MaxCut Supertree
A quartet tree (or simply a quartet) is a tree over four taxa (species) that is the most basic phylogenetic building block – A tree can be decomposed into its defining quartets that uniquely define it. It is this fundamentality that confers the quartets their power. The converse however, is not true – it is rare that an arbitrary quartet set agrees on some tree. Hence, given a set of quartets, it is a common practice to look for a tree agreeing with the most of them. This seemingly simple and “clean” question lies at the heart of almost any specific, more complicated question in phylogenetics. Due to its centrality and importance, it has gained a lot of attention, from both theoreticians and practitioners.

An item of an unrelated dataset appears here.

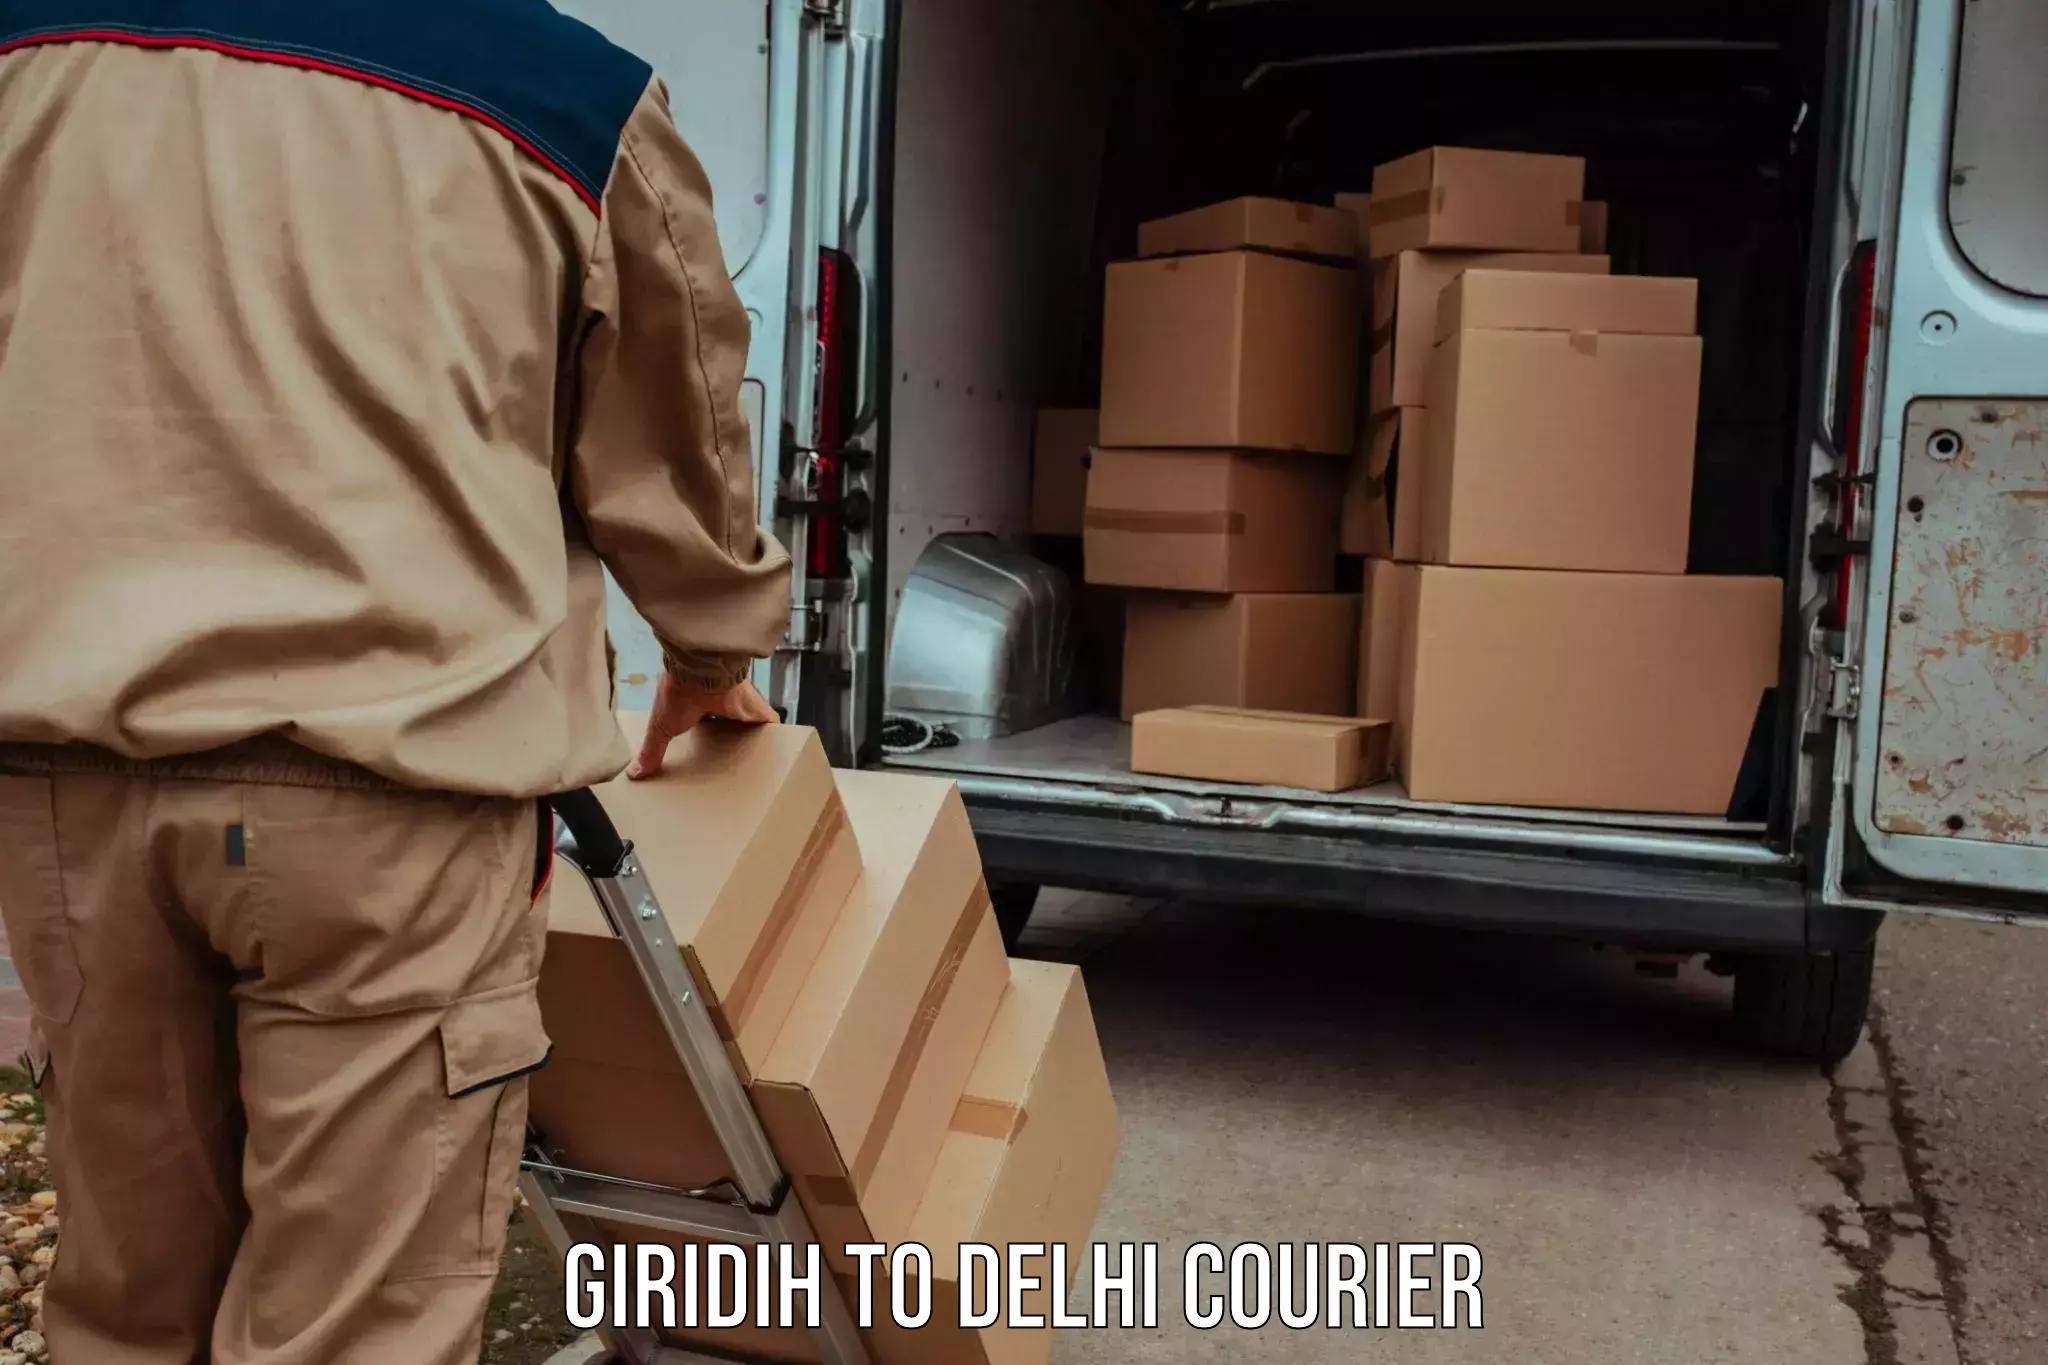 Nationwide delivery network Giridih to Kalkaji

Notwithstanding, very little has been achieved since it was first introduced, more than two decades ago [1] – the best rigorous approximation to it, is obtained naively by a random tree, satisfying a third of the quartet set [2], and practical software use crude heuristics and are either slow or inaccurate.
During the years, our lab has dealt with many aspects of the supertree task, for the centrality and challenge of the associated tasks. Starting from my postdoc at Berkeley, we have developed a novel approach that embed the data in a graph and applies a MaxCut algorithm to the graph in order to classify the species according to the quartet information. The MaxCut, a very hard computational problem, is “solved” using a randomized semi-definite programming (SDP) approach that yields a very fast implementation. The general approach, quartet MaxCut has provided both theoretical and practical improvements in this well studied field that have been published in top conferences and journals in and bioinformatics [3,4,5] and computer science [6,7,8]. The approach (and software) is generic and was found useful in other applications such as classifying shapes in computer graphics [9], music performance analysis [10]. We were awarded the Israeli Science Foundation grant for this research direction. It is a nice example to the interrelationships between theory and practice in the field.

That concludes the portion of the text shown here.